> [Task requirements]: All lines below must be repeated exactly, with the pictures omitted.

> [Data shown]:
□ □ □ □

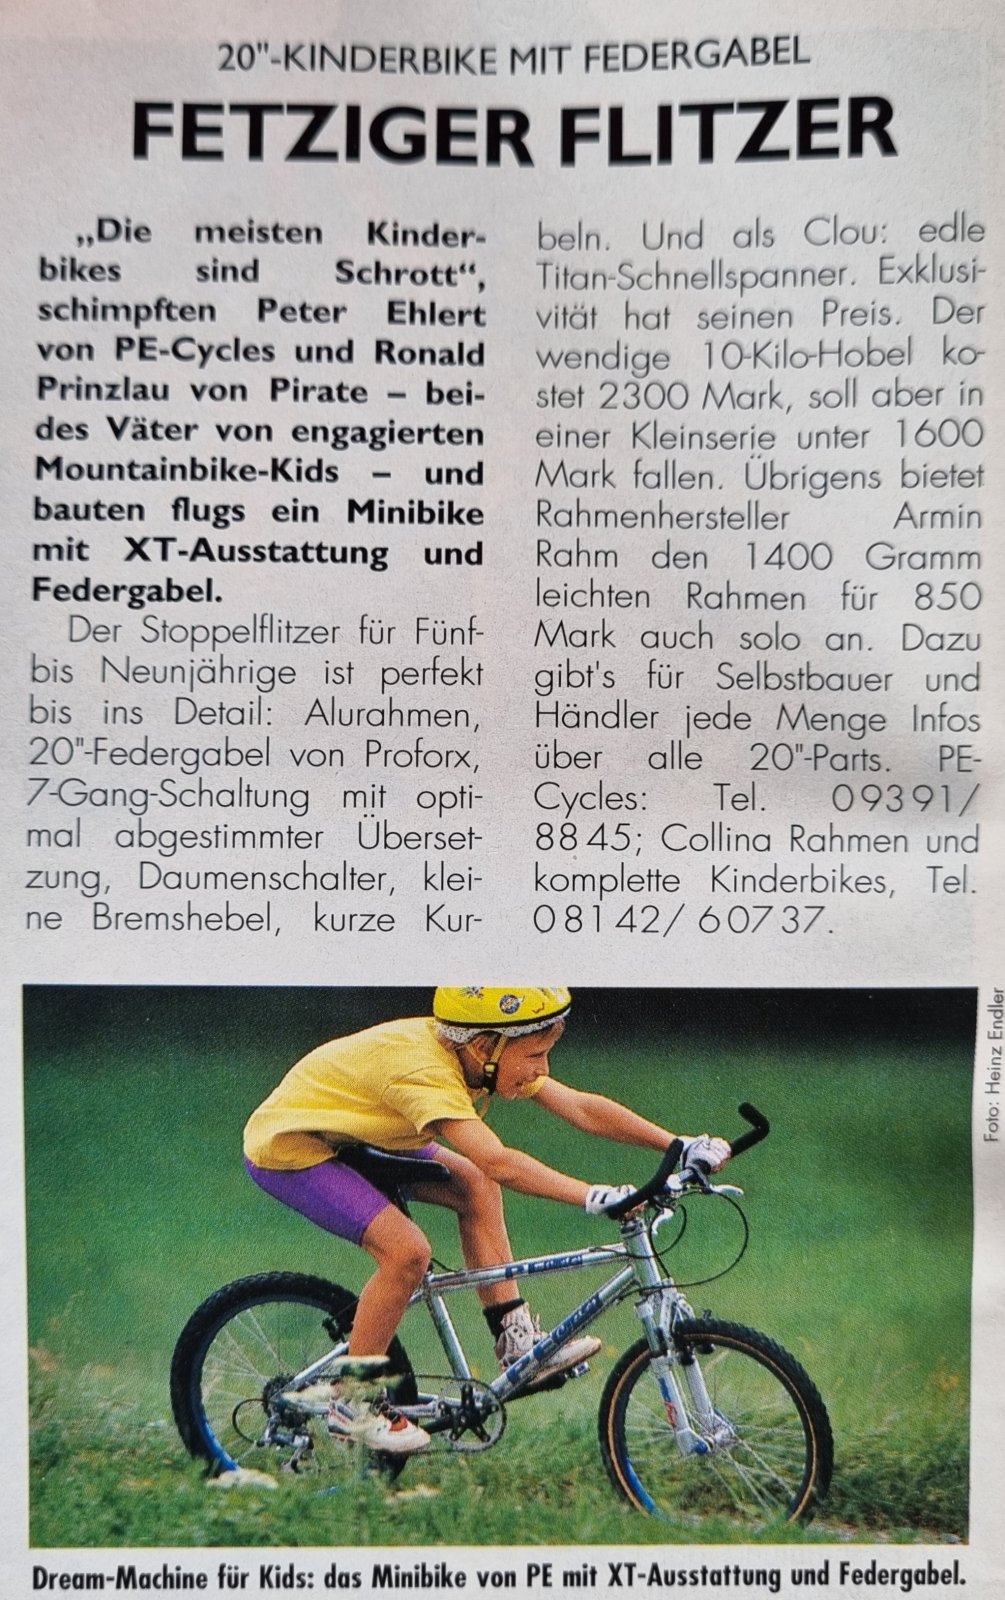 PE cycles Pirate Armin Rahm Collina Proforx aus Bike 1993 09.jpg
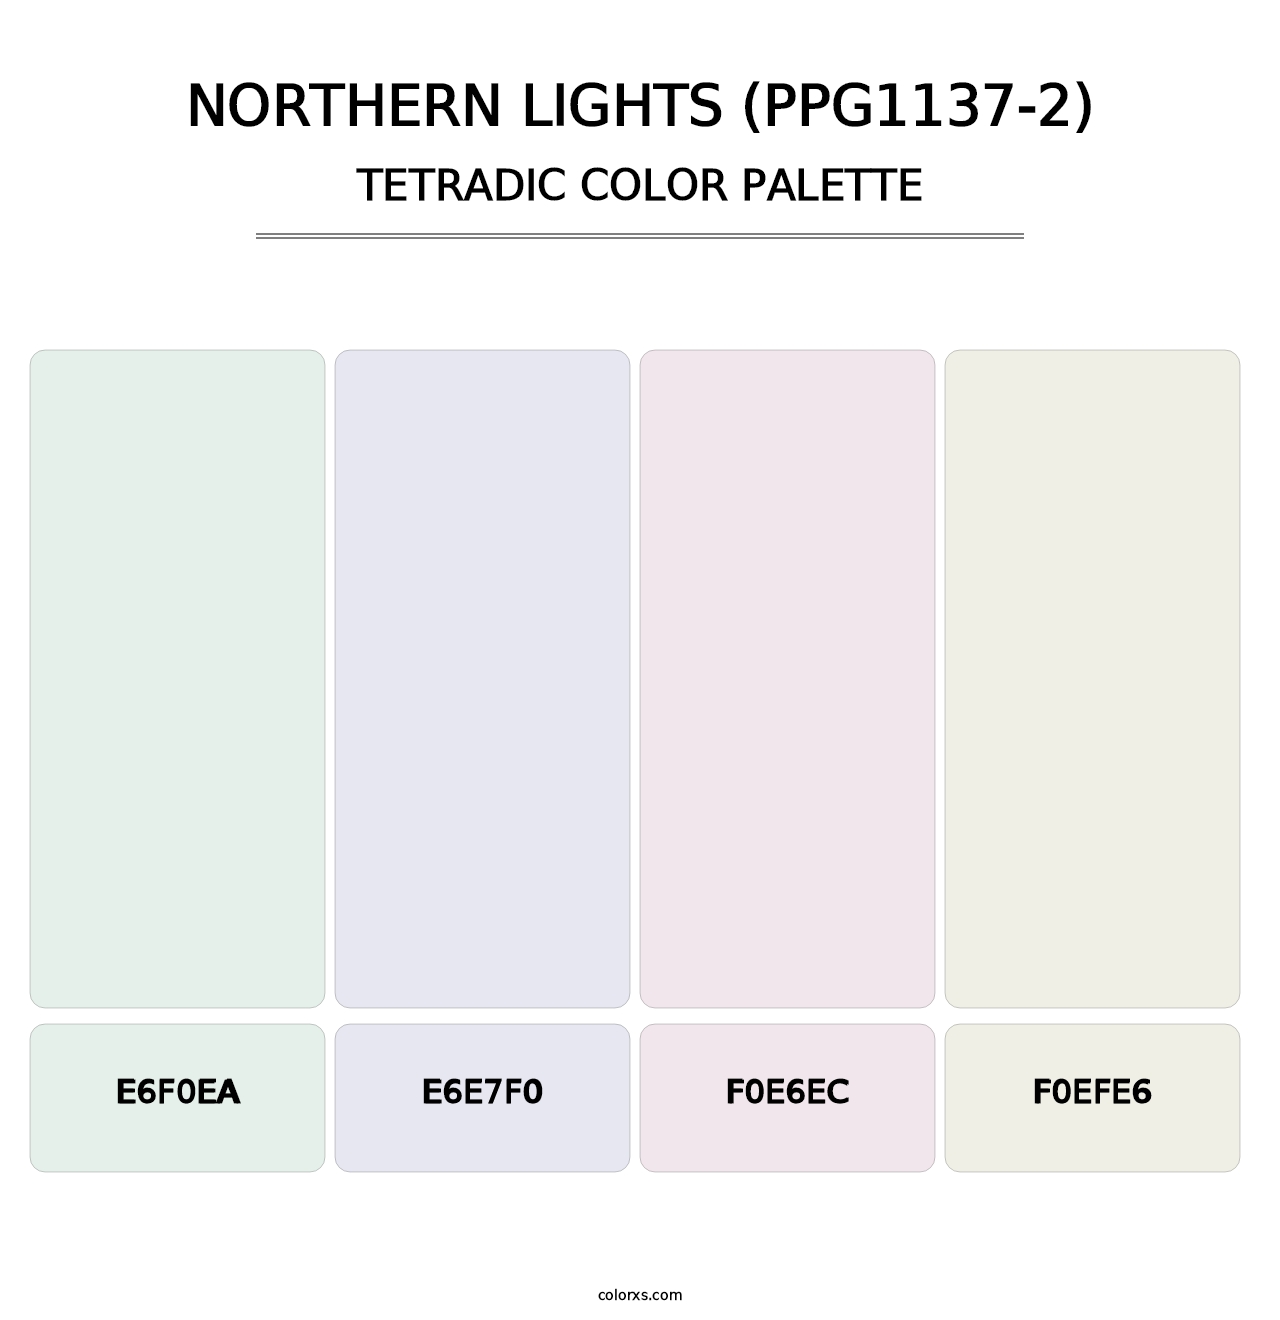 Northern Lights (PPG1137-2) - Tetradic Color Palette
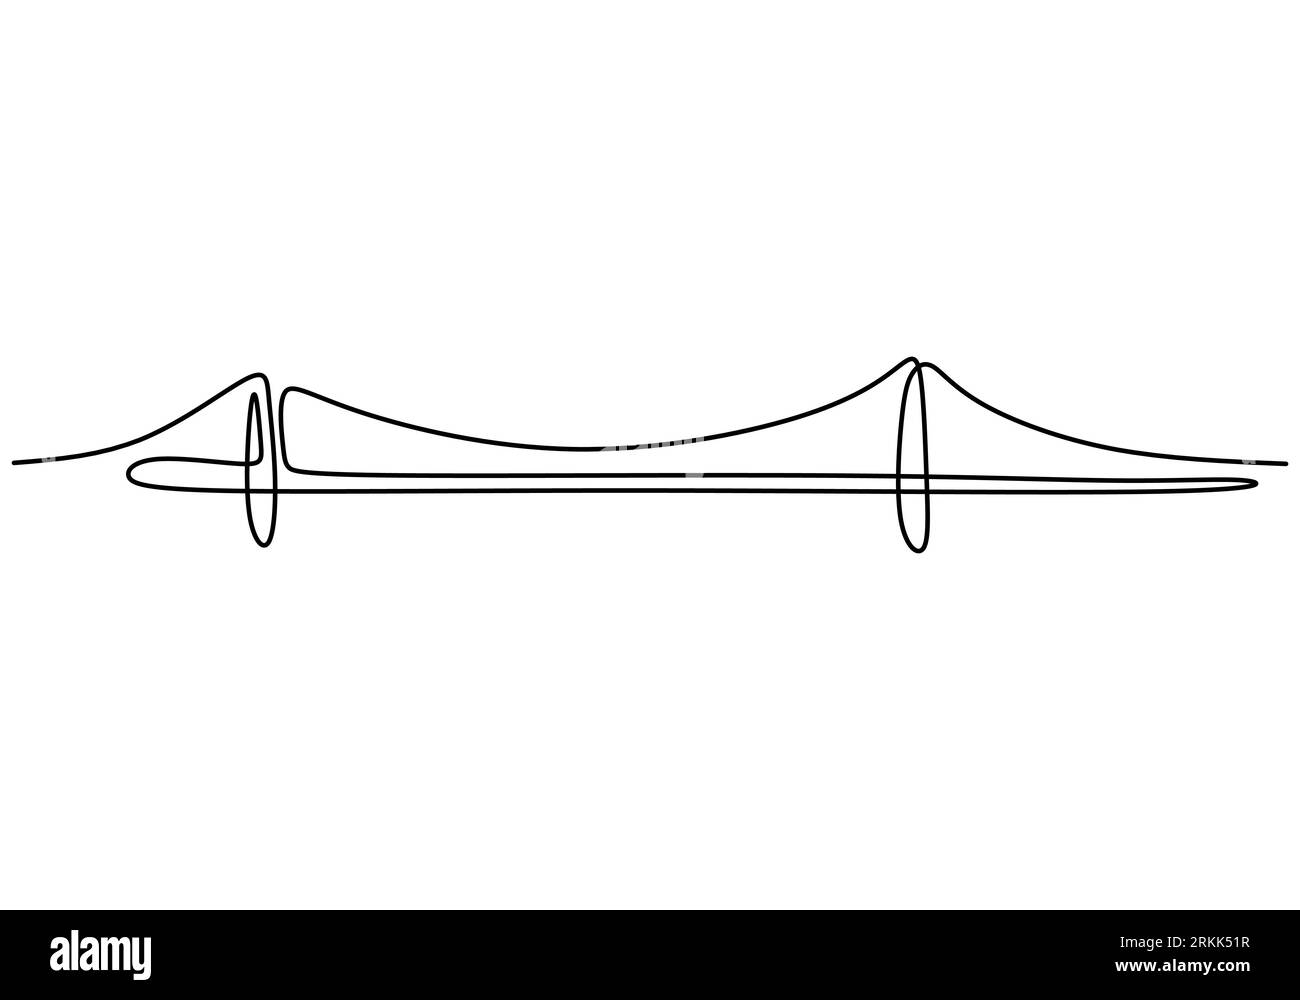 Giant bridge over river. Continuous one line of bridge drawing design ...

□ □ □ □

> [Your solution]:
 PE cycles Pirate Armin Rahm Collina Proforx aus Bike 1993 09.jpg
 Northern Lights (PPG1137-2) - Tetradic Color Palette
 Giant bridge over river. Continuous one line of bridge drawing design ...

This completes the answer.